The timing of the deal allowed Ferrellgas to save around $1 million a year with the FSP purchase, Evans said. Ferrellgas bought another company in August, and that company had outsourced all of its IT to Rackspace. That was about the same time as Ferrellgas installed its Violin flash array, and migrated data and virtual machines from Rackspace to its own data center. The $1 million savings comes from ending the outsourcing contract.
Bill Evansvice president of IT, Ferrellgas
Evans had already received positive sticker shock when he priced all-flash arrays against hybrid legacy systems from EMC and IBM when his EMC maintenance contract was about to expire.
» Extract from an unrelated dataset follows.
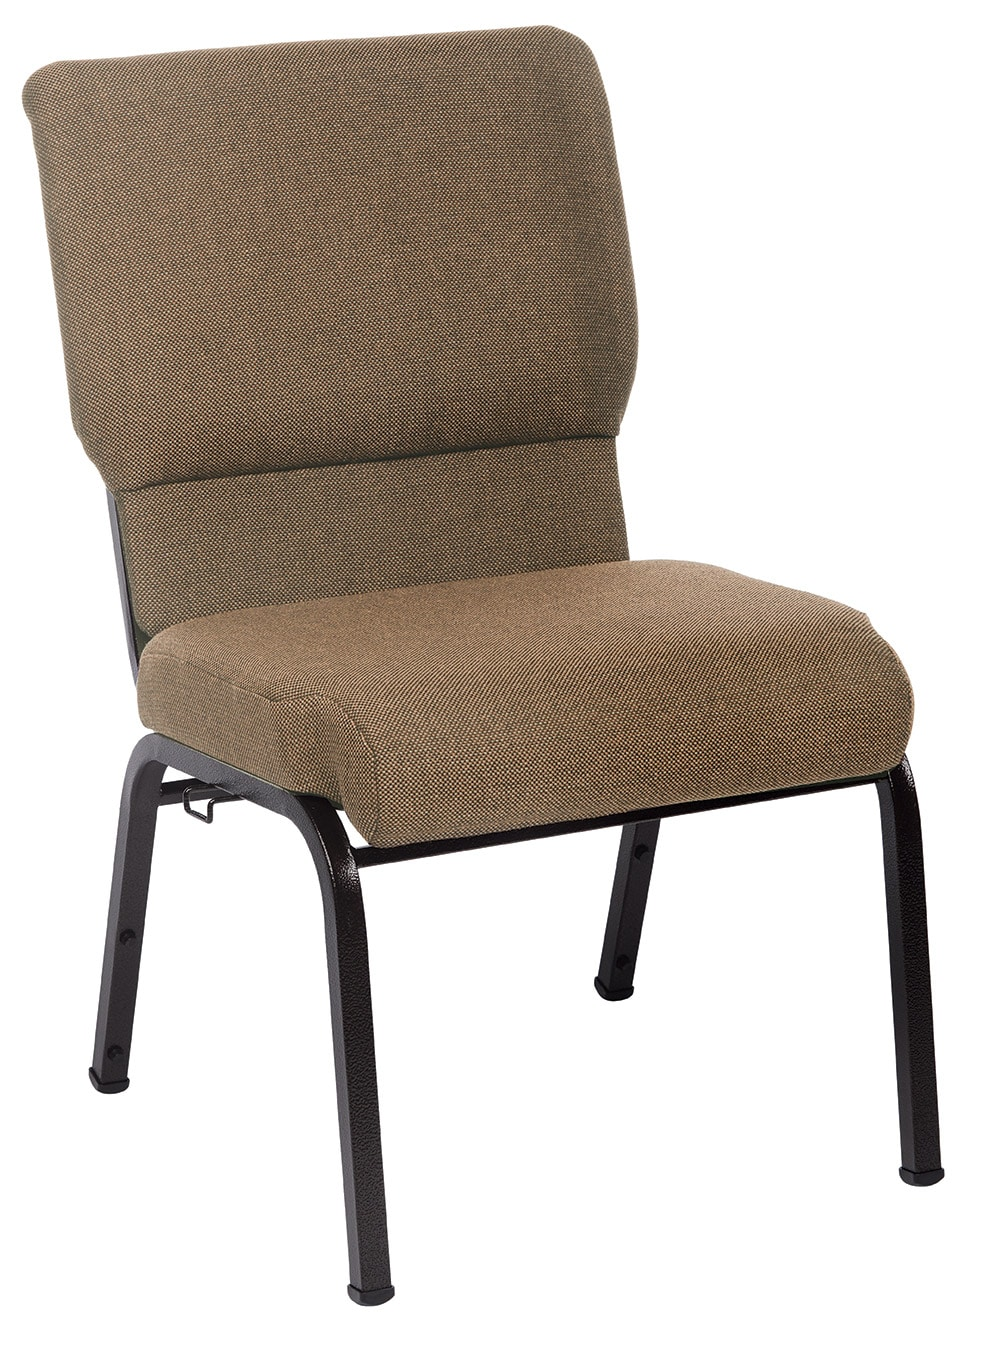 Khaki Jericho church chair 20.5 inches wide

He said the all-flash system cost less, and also saved him from hiring a dedicated storage administrator or outsourcing the task.
"Violin's all-flash priced out better than the hybrids we were looking at with comparable capacity," he said. "That was a big surprise to us."
He bought four Violin Memory FSP 7300 all-flash arrays with 44 TB of usable capacity on each one, and installed them at two locations.
"We wanted to find a way to manage storage easier," Evans said. "We had one guy managing the EMC stack, and when he left we couldn't afford to hire one person to just manage our storage. The same guy had to manage Windows servers and some Exchange, so we outsourced storage management. When we looked at new storage, one of my requirements was to find a way to manage it internally."
Evans said he hasn't turned on Violin's deduplication and compression yet but plans to test those data reduction features soon. "That will help give us more capacity," he said. "If we make another acquisition, we will be able to handle that without any additional storage investment."
He also plans to use the Violin flash array's synchronous replication when the company consolidates from three data centers to two data centers. Ferrellgas currently has data centers in Kansas, North Carolina and Missouri but will soon close the Missouri facility. Evans said he will then have production running in both remaining data centers on Violin flash arrays, and he can run completely out of one data center if the other one goes down.
The synchronization will alleviate the need for log shipping to protect his databases. "Migrating the databases is the end game for us," he said. "Then we'll have all our primary data on flash."